*PROBLEM*
Your answer must be the listing repeated word for word, without its pictures.

*SUPPLIED DATA*
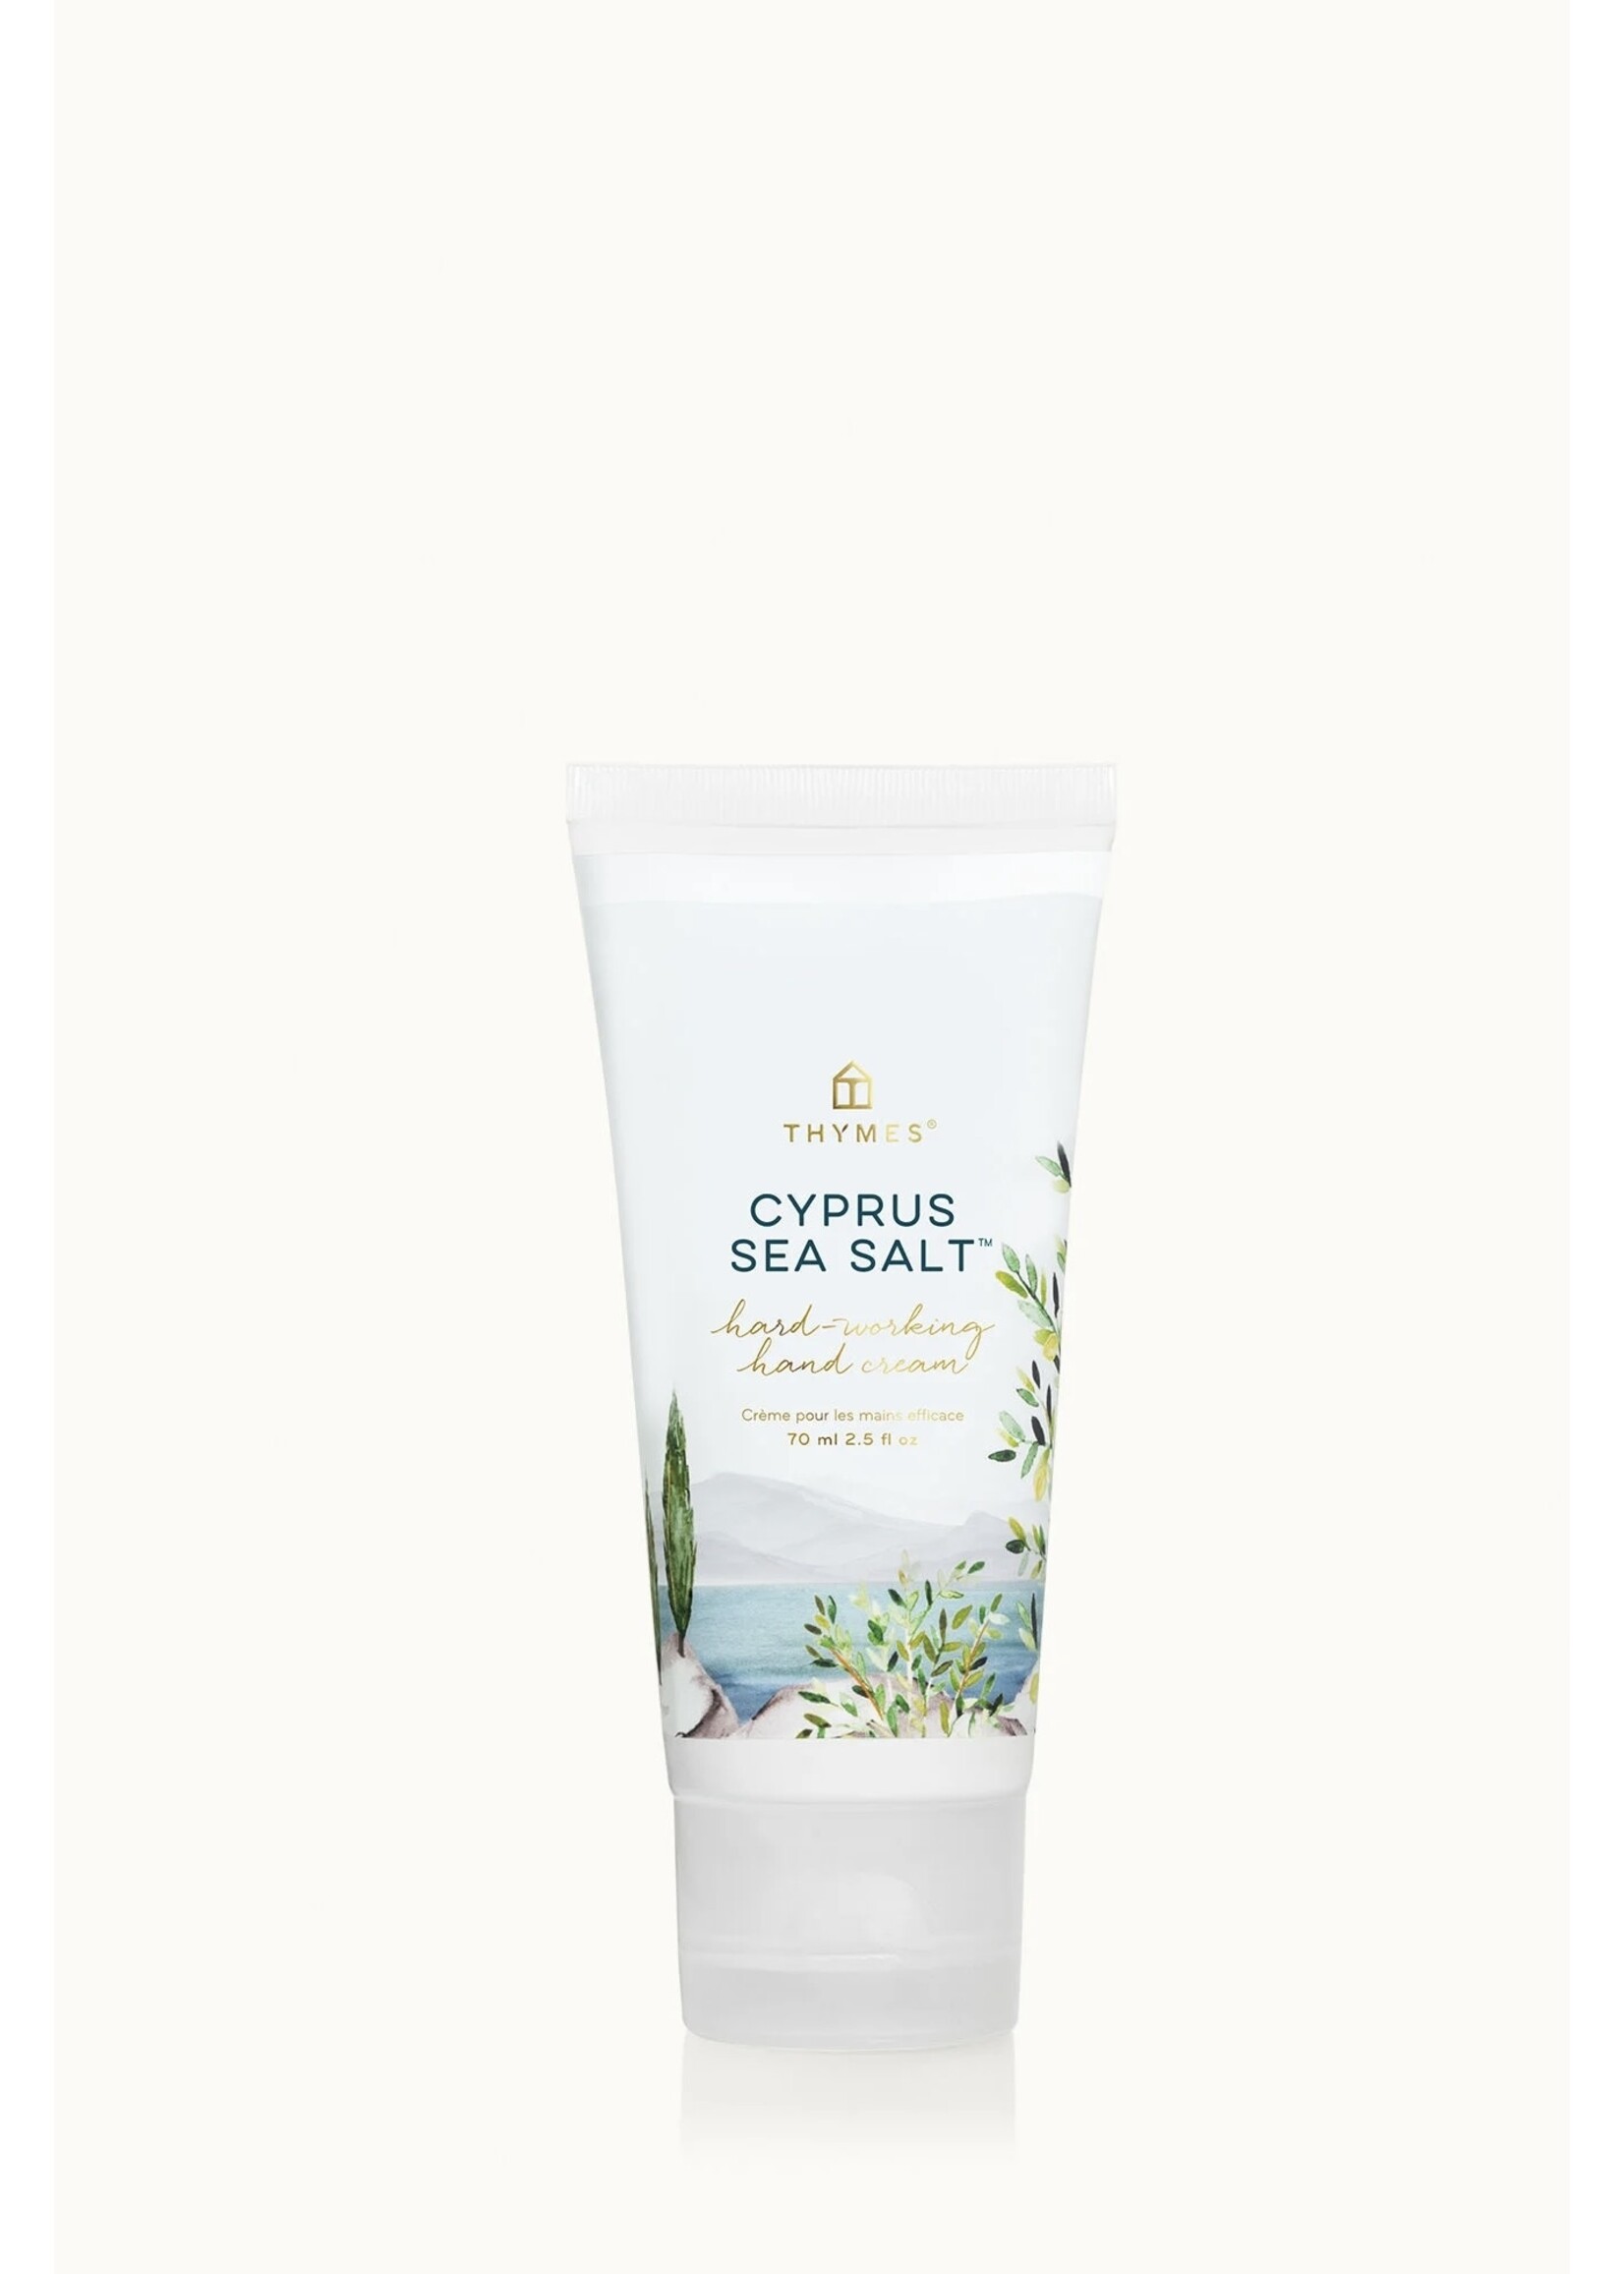 Thymes Cyprus Sea Salt Hard-Working Hand Cream
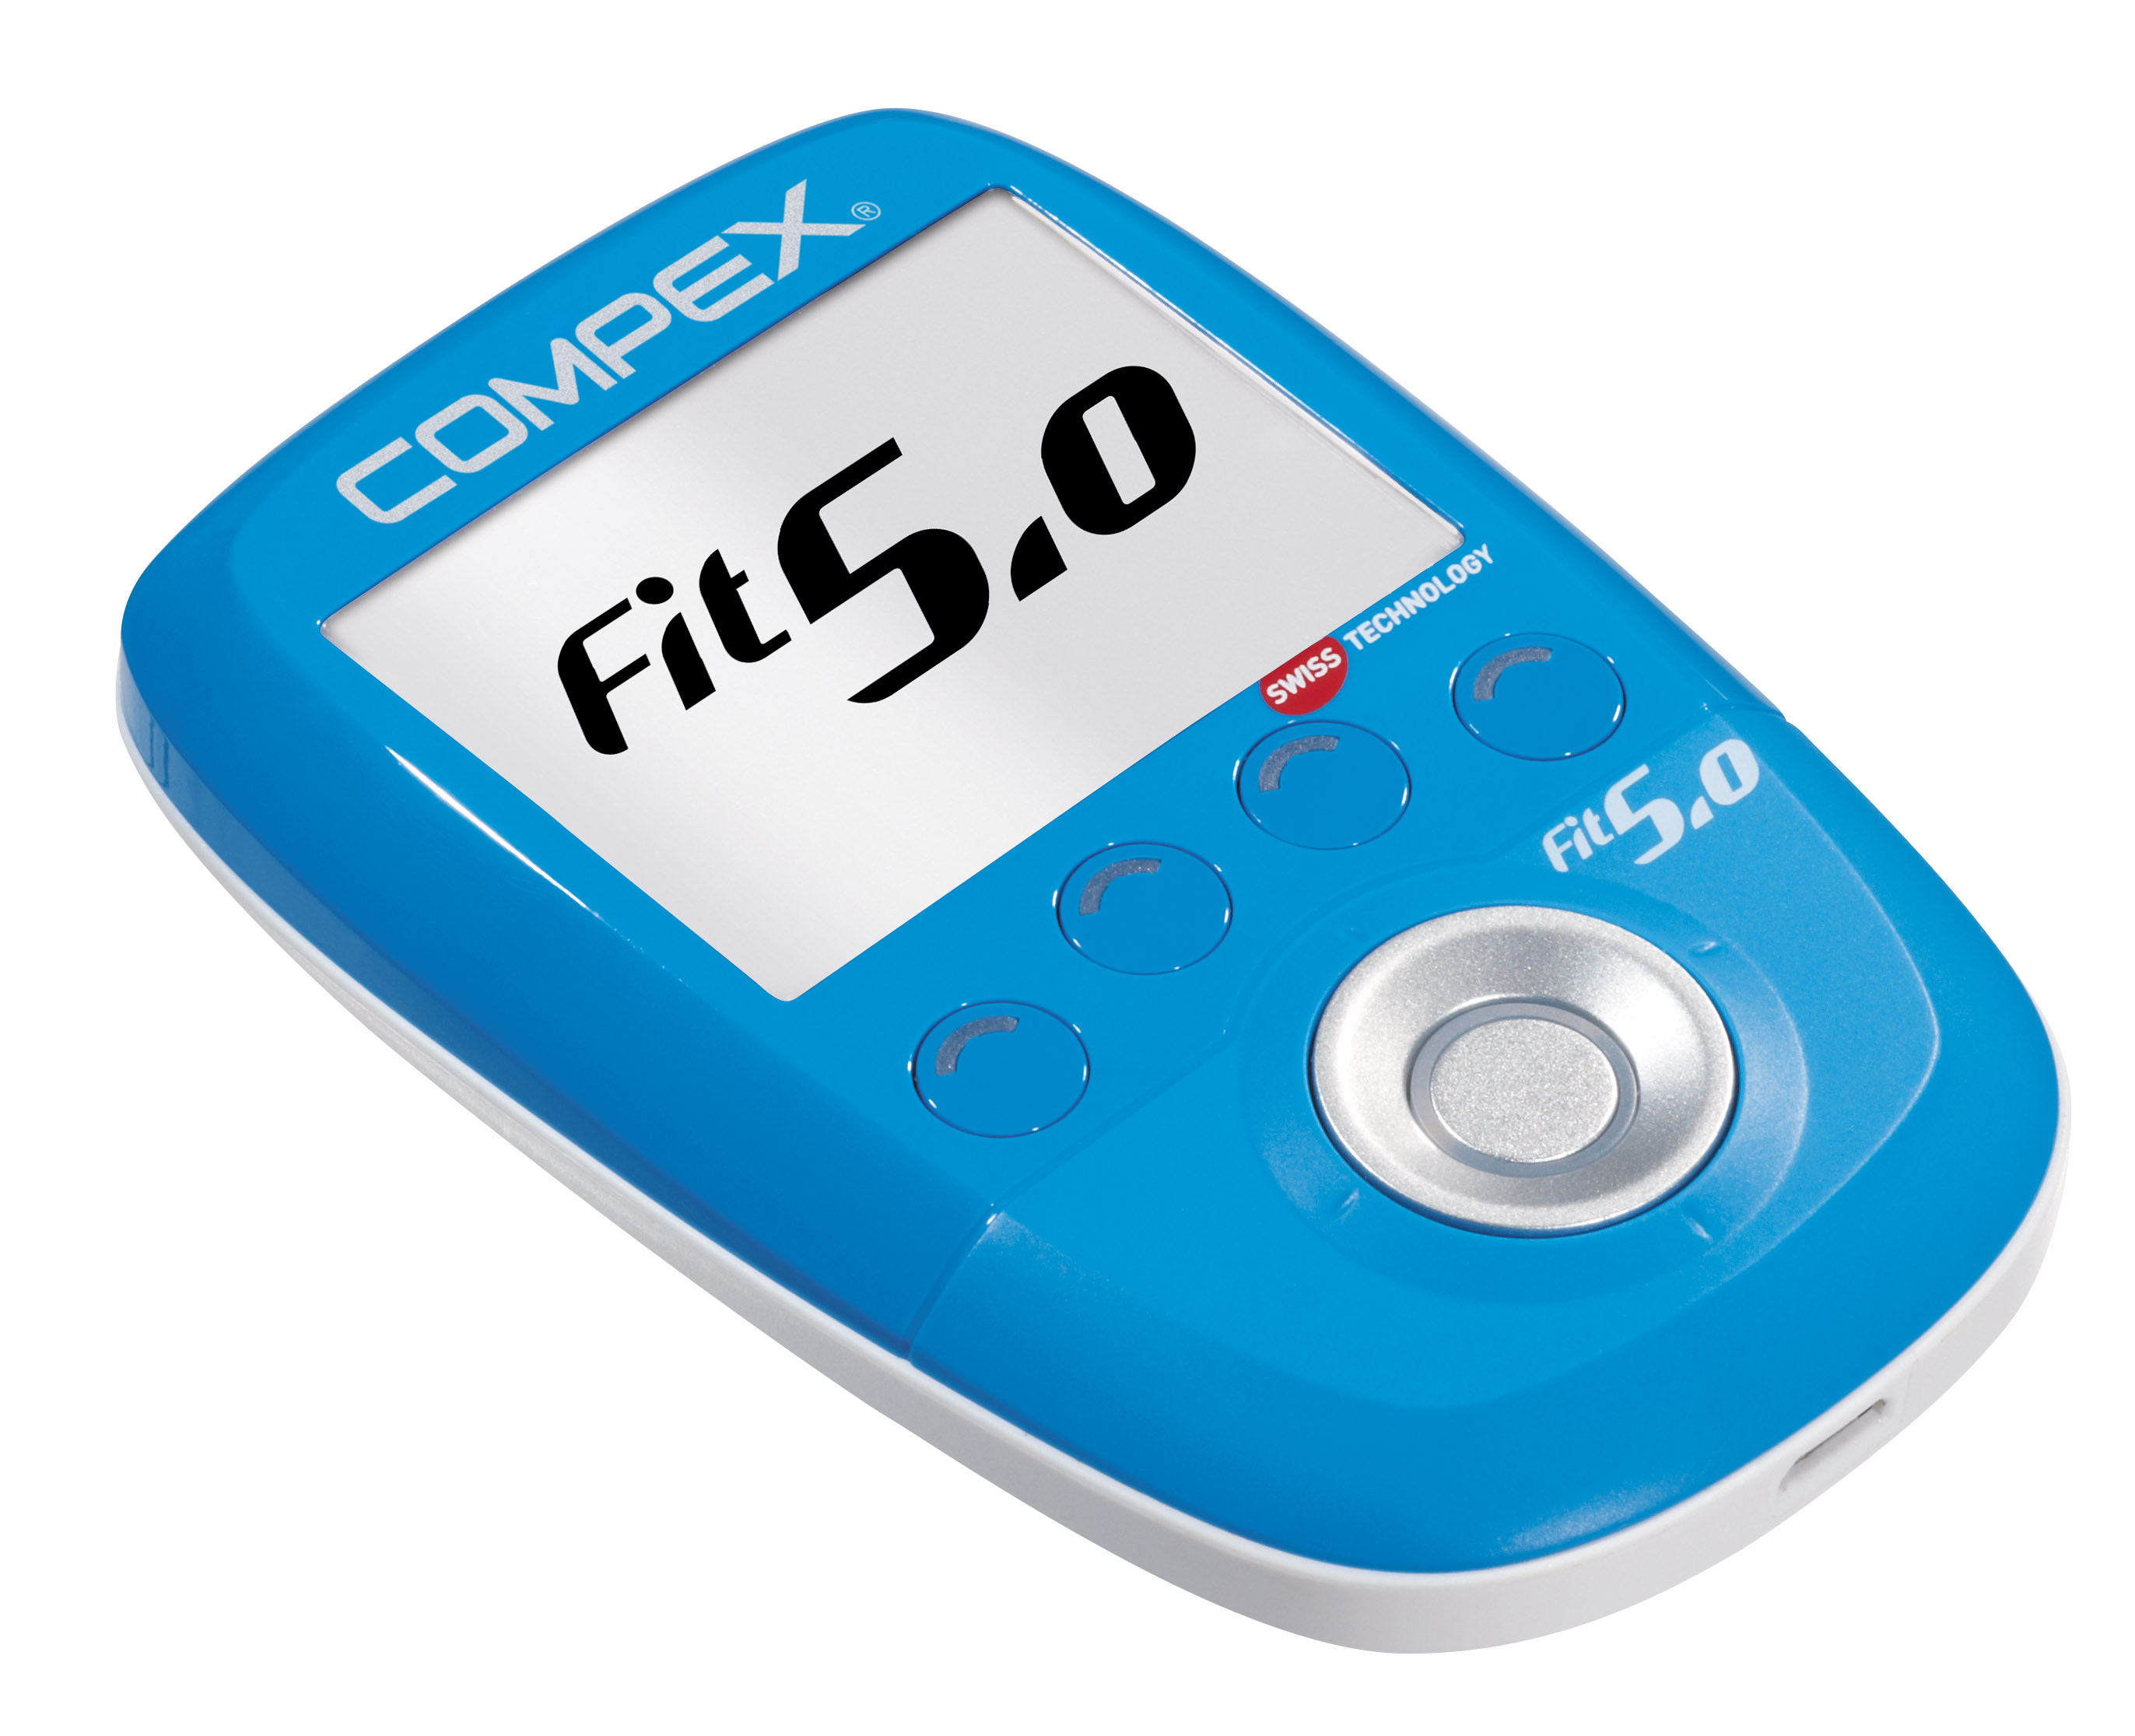 COMPEX Stim Fit Blau 5.0 Muskelstimulationsgerät
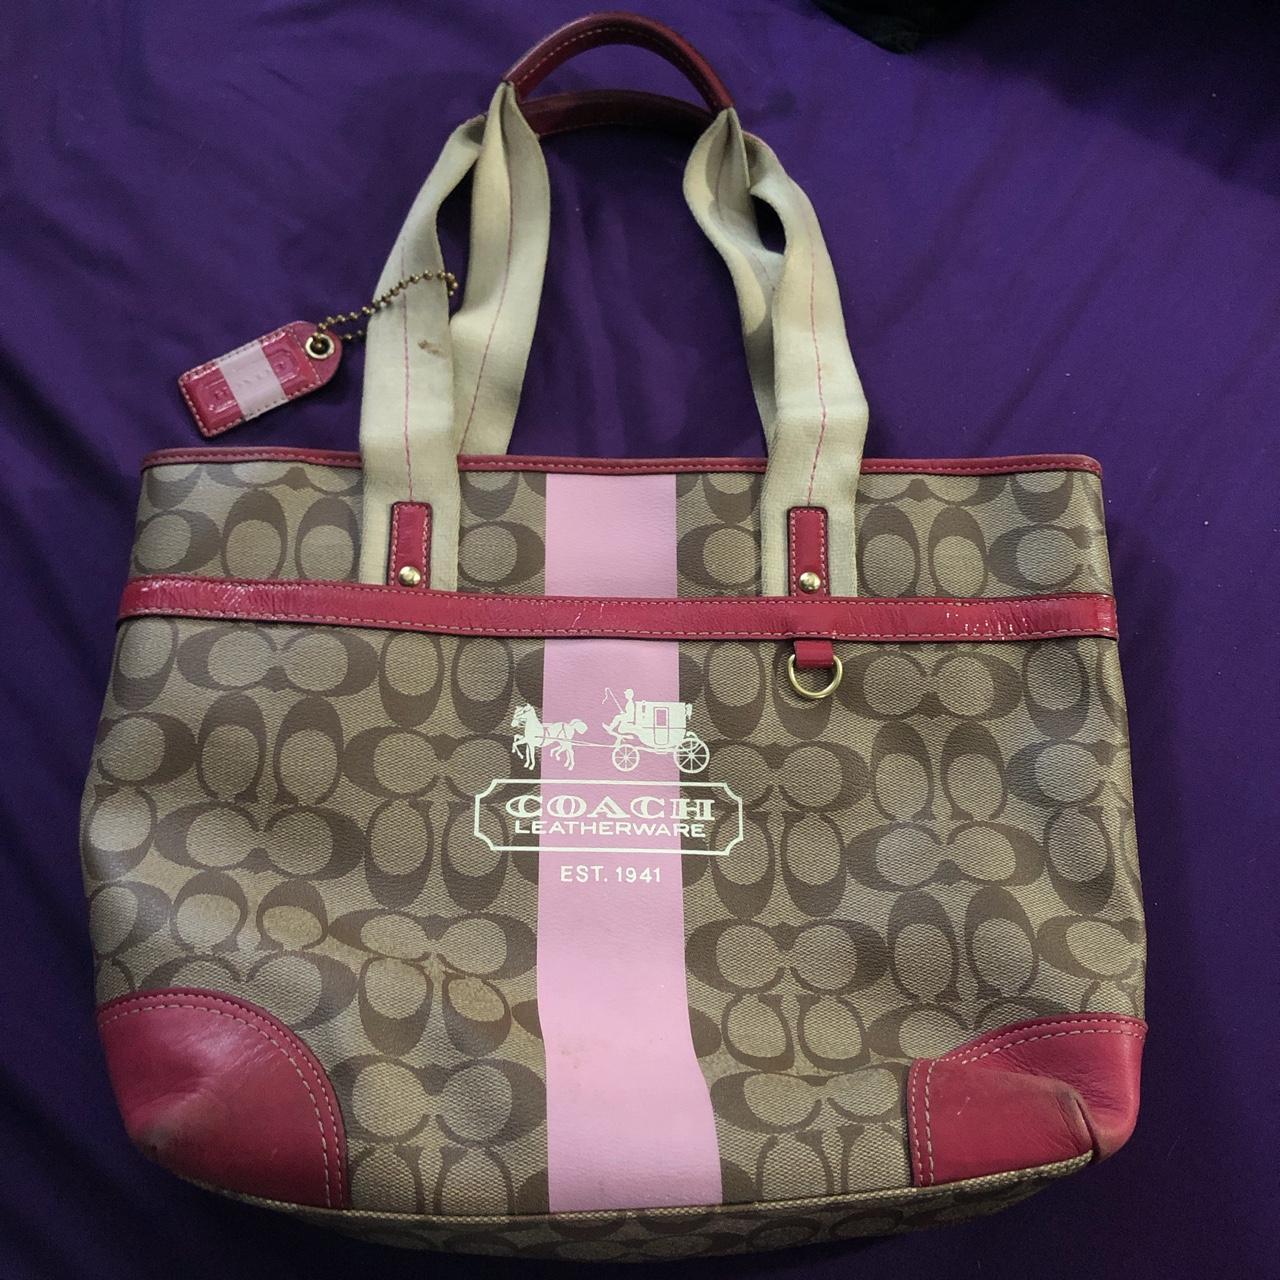 Coach Est 1941 Handbag Tote Gal Color Sv / Bordeaux New $348 | eBay

*REPLY TO THE EXERCISE*
 Thymes Cyprus Sea Salt Hard-Working Hand Cream
 COMPEX Stim Fit Blau 5.0 Muskelstimulationsgerät
 Coach Est 1941 Handbag Tote Gal Color Sv / Bordeaux New $348 | eBay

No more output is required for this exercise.